Today we stopped by the house of a friend of Khir's to see their new baby, and were invited to stay for lunch. They were a very nice family, and fed us a delicious lunch of dry mee siam (rice noodles cooked with Malay spices and shrimp), a kind-of pudding made from mung bean and durian, and a delicious bread pudding for dessert, as well as a very fragrant sweat tea infused with pandan leaf. Another linguistic note: mee is the Chinese word for noodles, and Siam is, of course, the old name for Thailand. Also, one of the sons in the family is a chef at a very high-end restaurant in Singapore (also recently featured in a food magazine alongside one of Gordon Ramsey's restaurants in London), which we have reservations for on Thursday, so that will be very exciting as well.
For dinner we went to Sammy's Fish Head Curry, whose specialty is, you guessed it: fish head curry. We were each given a large banana leaf as a plate onto which several waiters immediately deposited white rice, curry sauce, sliced cucumber, and so on.
The fish head curry came in a large clay-pot style bowl.
Even though it looked a little scary, it was definitely one of the best curries I'd ever had. Khir explained that the cheek flesh of the fish is the tenderest part of the animal, and he was absolutely right.

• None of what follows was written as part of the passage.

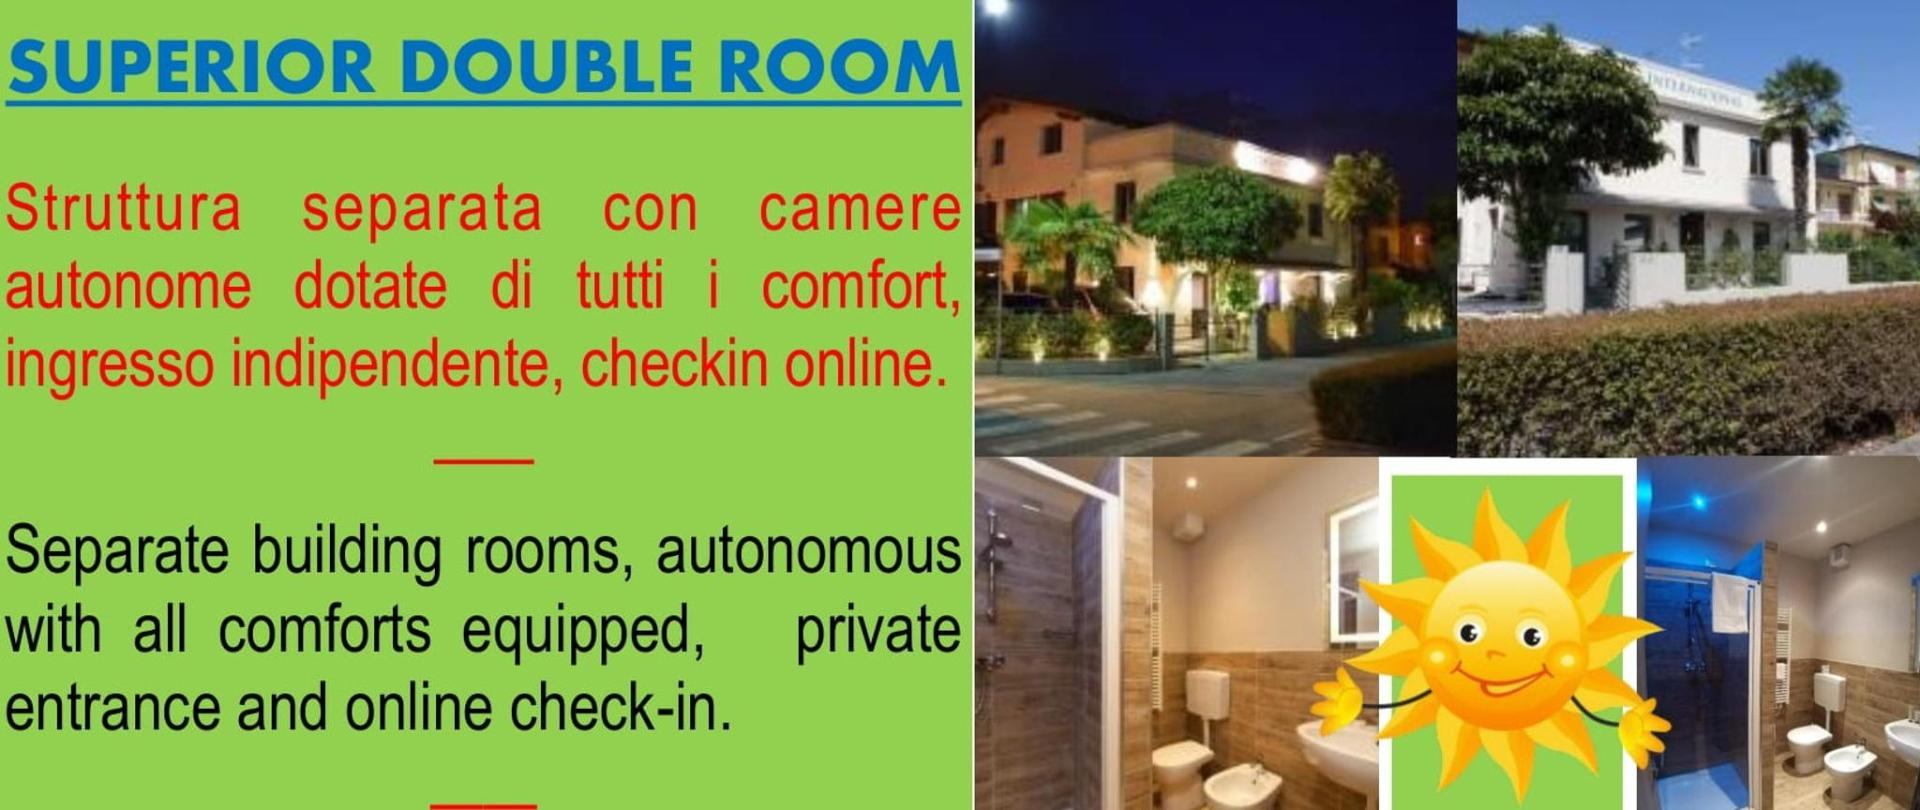 Avviso Superior doube room-1.jpg

We also had two of the largest shrimp I've ever seen. Each one was approximately the length of my hand (fingers extended), but I'd accidentally already eaten mine by the time I remembered i wanted to take a photo of it. Oops!
During the day we were on a walk to see Singapore's merlion (about which more later) and we stopped at a stand to buy some sweat corn ice cream. The vendor took out a big square block of the ice cream and cut off a large section of it to serve between two thin wafers. It tasted like delicious sweet corn. We loved it!